Por Ana Ilhéu · Em 13/01/2025

“Não Há Pássaros Aqui”, de Victor Vidal (Leya, 2024), é um livro intenso e imprevisível, que utiliza a infância como território de fascínio. Ao recuar à infância de Ana, da sua mãe Andrea e do amigo Benjamim, é estabelecida uma aparente linearidade entre a mágoa que perdura em vidas marcadas e o ressentimento, como se não fosse possível a cura.

A personagem central do livro, Ana, já adulta, é avisada de que a mãe, Andrea, estava desaparecida. Havia anos que conseguira distanciar-se dela. Agora, forçada a regressar ao espaço e ao tempo em que as memórias avivam traumas que desejava enclausurados, confronta-se com uma jornada – a sua própria vida – onde parece não haver redenção.

Cinco anos depois do último contacto com a mãe, Ana volta a encontrar-se num beco sem saída, revivendo episódios que julgara sepultados, reencontrando Benjamim – o amigo que julgava desaparecido – e recrudescendo em comportamentos que a impeliam para uma bizarria que a ajudava a lidar com a dor. Eis a evidência destas três personagens: ainda que procuremos desligar-nos dele, o passado permanece um universo de grandes emoções que perduram, como alegrias, traumas ou anseios, que permanecem para além das experiências e das características do tempo em que estão inseridos. Victor Vidal, que com este seu primeiro romance foi Prémio Leya 2023, revela como a memória pode funcionar como uma névoa – de longe, poderá parecer inofensiva e ténue, mas tentar desenvencilhar-se dela não é tão fácil como se imagina.

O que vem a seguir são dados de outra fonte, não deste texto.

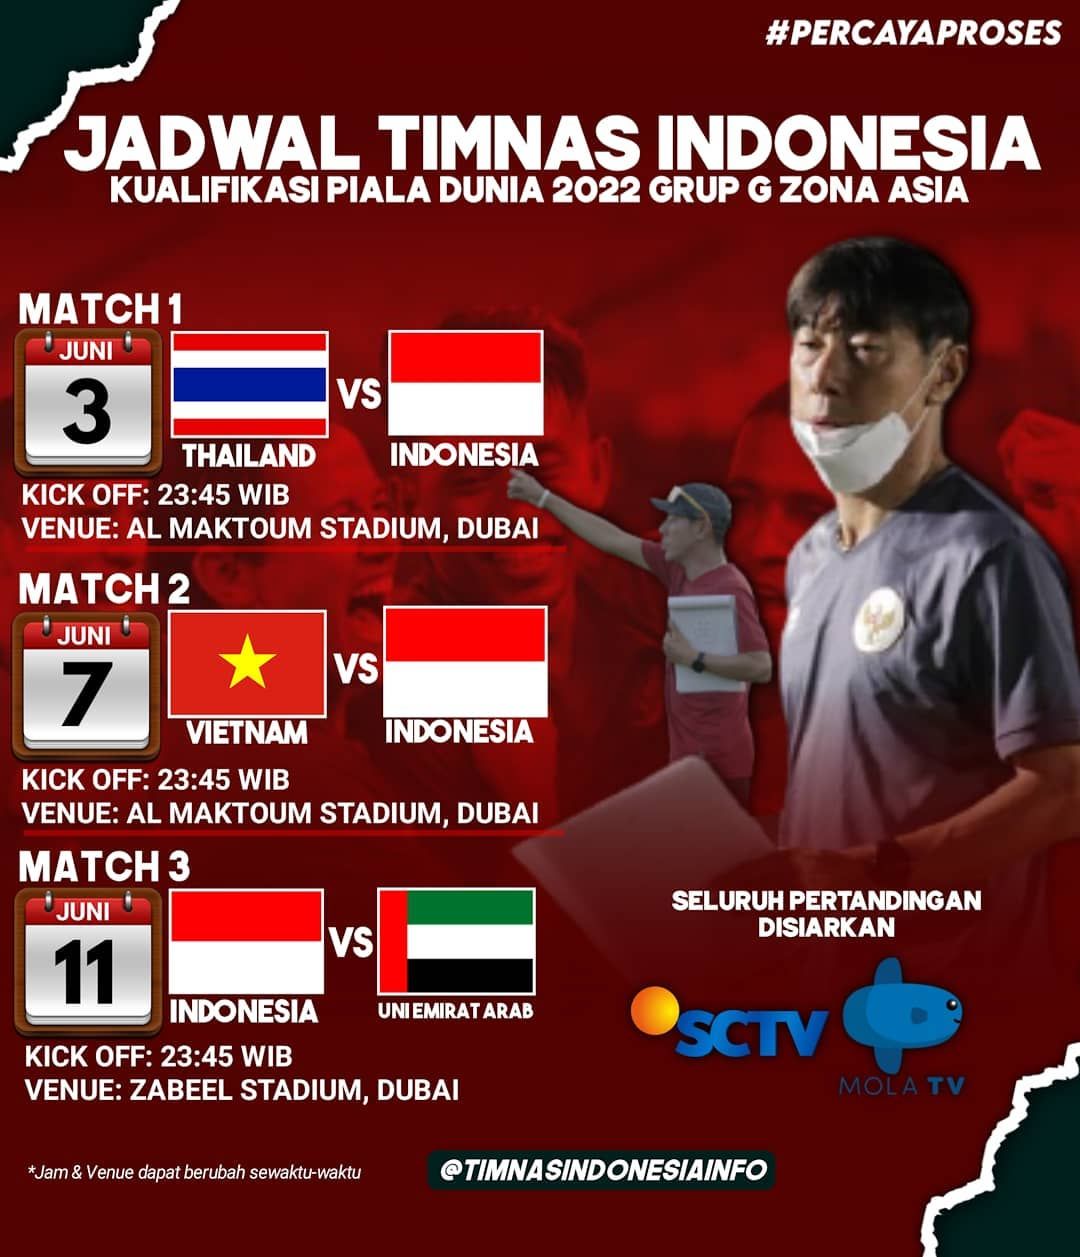 Kualifikasi Piala Dunia 2022 Jadwal Pertandingan Timnas Indonesia vs

“Como uma criança que escrevia poemas sobre pássaros se tornara uma mulher tão agressiva?”. Ana é uma personagem extraordinária, na qual as memórias de uma mulher adulta remontam à infância e à forma como sobreviveu a todo o tipo de abusos e de maus-tratos, à sua prolongada exposição em territórios desertos de amor e, por último, à superação assente em sentimentos conflituantes. Para tanto, o leitor entra em casa de Ana e de Andrea, acompanha a forma como a primeira, ainda criança, procura alhear-se e sobreviver à solidão e ao alcoolismo da mãe, depois à violência física e ao abuso sexual e, por último, à instrumentalização da sua infância para camuflar um desfecho inevitavelmente trágico.

Aos trinta e dois anos de idade, depois de anos sem ver a mãe, Ana volta a confrontar-se com o desejo de se manter afastada e de ter agora a oportunidade de a encontrar em apuros. Daí que aceda voltar a casa para tentar perceber o que está por trás da sua morte – aparentemente por afogamento, depois de ter perseguido uma família, massacrando-a com telefonemas incessantes.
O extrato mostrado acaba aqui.